* [Exercise requirements] Reproduce precisely the lines of the listing below, starting with the line that contains "Huawei-reloj inteligente GT4" and stopping after the line that contains "Dzieci z książką o brzydkim kaczątku"; include nothing else.

* [Excerpted records]
-- -- --

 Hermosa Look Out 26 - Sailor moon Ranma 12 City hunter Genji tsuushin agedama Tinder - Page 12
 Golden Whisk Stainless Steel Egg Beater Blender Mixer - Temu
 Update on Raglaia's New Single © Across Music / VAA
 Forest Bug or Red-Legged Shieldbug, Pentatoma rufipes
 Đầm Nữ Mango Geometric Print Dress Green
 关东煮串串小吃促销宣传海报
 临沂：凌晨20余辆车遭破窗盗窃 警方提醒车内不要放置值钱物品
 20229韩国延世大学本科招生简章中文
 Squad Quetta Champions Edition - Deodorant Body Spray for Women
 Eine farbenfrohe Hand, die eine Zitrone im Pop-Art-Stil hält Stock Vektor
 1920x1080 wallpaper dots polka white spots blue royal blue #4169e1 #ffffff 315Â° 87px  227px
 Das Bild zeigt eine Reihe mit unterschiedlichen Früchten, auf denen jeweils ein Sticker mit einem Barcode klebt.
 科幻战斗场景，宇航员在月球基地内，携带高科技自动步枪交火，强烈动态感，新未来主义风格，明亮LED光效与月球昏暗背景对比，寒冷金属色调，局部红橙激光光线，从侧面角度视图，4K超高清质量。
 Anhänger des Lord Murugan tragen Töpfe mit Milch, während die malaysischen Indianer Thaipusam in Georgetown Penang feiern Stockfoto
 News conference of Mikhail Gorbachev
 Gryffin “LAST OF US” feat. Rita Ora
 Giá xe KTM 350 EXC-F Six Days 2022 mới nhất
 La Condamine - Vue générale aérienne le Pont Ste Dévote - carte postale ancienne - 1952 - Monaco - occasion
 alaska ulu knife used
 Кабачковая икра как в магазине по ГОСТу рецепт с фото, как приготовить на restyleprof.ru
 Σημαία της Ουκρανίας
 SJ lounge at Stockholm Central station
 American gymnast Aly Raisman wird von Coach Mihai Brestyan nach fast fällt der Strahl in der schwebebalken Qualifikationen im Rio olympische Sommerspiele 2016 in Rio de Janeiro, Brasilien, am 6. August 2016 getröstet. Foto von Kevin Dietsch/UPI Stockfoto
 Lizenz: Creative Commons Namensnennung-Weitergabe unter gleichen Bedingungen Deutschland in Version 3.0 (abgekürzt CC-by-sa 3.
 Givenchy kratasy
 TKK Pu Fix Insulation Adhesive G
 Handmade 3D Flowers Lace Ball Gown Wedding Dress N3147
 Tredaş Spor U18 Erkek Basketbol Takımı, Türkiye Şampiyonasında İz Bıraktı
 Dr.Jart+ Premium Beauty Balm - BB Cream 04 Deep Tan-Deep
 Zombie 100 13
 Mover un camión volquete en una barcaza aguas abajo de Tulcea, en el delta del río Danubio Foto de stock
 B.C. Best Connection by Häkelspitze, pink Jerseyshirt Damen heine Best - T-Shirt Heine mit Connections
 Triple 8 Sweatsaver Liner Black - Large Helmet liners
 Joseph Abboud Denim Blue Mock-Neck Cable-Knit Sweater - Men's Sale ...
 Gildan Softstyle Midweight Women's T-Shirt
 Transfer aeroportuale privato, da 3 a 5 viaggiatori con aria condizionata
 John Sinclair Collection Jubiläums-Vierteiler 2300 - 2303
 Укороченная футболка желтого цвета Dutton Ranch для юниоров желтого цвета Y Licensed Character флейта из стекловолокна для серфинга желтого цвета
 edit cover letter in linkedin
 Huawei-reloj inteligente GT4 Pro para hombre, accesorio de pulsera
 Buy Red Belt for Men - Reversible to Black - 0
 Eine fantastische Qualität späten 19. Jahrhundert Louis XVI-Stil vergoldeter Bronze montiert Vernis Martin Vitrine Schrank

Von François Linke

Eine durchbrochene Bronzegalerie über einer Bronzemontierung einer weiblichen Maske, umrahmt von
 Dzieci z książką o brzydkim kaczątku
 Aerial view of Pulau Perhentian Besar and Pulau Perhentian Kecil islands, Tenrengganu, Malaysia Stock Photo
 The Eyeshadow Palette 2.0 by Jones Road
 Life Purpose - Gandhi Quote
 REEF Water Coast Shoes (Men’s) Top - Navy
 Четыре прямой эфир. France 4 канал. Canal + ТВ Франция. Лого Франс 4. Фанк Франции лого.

-- -- --

* [Result]
 Huawei-reloj inteligente GT4 Pro para hombre, accesorio de pulsera
 Buy Red Belt for Men - Reversible to Black - 0
 Eine fantastische Qualität späten 19. Jahrhundert Louis XVI-Stil vergoldeter Bronze montiert Vernis Martin Vitrine Schrank

Von François Linke

Eine durchbrochene Bronzegalerie über einer Bronzemontierung einer weiblichen Maske, umrahmt von
 Dzieci z książką o brzydkim kaczątku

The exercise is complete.